[Stored records]
++++++

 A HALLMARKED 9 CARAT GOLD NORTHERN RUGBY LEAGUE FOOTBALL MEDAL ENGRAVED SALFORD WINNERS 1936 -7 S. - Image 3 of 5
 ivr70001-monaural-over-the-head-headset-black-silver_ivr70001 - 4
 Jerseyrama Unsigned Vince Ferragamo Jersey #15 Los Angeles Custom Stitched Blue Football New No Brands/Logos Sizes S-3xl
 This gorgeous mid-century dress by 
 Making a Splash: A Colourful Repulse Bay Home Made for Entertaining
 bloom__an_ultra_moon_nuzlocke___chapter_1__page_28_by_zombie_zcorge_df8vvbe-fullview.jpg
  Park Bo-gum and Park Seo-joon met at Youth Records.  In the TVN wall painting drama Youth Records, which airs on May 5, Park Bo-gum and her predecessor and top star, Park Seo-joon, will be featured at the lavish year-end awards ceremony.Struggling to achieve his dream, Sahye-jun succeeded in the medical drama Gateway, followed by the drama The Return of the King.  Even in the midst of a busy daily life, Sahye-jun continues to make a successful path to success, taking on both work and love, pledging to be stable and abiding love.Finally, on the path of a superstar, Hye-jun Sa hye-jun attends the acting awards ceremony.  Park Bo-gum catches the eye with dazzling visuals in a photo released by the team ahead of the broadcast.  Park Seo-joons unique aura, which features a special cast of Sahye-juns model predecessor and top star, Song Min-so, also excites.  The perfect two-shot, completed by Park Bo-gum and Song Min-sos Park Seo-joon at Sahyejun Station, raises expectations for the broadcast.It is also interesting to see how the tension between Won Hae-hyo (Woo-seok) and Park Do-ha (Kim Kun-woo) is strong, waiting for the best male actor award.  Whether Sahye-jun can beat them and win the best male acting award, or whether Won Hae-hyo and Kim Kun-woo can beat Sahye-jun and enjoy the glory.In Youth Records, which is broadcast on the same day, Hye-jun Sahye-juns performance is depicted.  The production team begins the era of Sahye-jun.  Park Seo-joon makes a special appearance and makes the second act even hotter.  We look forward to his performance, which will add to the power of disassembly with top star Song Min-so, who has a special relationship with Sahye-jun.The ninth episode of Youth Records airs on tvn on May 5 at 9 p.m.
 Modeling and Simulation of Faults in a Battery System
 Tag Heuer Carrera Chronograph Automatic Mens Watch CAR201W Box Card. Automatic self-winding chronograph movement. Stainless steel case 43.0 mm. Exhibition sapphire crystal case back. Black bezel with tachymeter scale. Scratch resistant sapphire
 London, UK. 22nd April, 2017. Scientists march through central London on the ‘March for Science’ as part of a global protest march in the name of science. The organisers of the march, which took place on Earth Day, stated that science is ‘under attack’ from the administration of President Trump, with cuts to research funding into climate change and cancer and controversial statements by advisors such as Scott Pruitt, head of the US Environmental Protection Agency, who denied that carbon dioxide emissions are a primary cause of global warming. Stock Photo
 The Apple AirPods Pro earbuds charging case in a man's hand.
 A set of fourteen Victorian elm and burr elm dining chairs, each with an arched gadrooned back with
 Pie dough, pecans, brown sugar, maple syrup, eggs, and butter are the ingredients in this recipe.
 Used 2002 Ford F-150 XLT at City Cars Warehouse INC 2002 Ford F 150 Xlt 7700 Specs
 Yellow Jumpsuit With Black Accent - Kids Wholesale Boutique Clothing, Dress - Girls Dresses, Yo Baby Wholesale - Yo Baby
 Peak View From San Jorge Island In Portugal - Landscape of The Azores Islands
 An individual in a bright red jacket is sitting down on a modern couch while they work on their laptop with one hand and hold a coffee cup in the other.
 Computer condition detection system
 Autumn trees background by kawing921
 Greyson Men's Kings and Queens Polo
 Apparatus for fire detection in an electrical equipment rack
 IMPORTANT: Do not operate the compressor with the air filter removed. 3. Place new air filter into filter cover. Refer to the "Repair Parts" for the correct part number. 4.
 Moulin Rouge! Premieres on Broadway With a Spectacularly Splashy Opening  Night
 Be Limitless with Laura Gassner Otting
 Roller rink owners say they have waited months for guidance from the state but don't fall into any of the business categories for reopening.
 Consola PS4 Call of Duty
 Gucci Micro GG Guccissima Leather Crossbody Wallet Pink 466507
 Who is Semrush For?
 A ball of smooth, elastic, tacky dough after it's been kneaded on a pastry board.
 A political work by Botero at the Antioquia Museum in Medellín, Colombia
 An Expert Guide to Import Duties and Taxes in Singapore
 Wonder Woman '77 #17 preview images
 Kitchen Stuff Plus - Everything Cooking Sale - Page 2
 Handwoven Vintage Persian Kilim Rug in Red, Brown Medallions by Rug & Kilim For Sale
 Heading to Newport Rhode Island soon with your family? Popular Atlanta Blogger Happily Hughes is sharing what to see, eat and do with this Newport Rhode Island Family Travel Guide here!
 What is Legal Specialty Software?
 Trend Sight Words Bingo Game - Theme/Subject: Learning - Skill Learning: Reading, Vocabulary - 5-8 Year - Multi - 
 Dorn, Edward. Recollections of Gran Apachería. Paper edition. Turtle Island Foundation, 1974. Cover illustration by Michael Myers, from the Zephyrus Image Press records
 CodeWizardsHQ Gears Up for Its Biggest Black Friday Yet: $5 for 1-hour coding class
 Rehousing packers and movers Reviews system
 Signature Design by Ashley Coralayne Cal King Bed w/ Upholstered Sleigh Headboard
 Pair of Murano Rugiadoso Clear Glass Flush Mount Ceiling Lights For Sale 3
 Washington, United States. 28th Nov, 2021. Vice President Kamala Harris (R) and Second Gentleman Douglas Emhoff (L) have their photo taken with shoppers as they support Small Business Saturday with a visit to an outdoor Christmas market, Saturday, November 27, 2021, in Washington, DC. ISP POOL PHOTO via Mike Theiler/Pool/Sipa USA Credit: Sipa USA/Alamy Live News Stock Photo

++++++

_ACTION ITEM_. Provide the number of lines in these entries that hold the word "dough", without any accompanying text.

_RESPONSE_. 2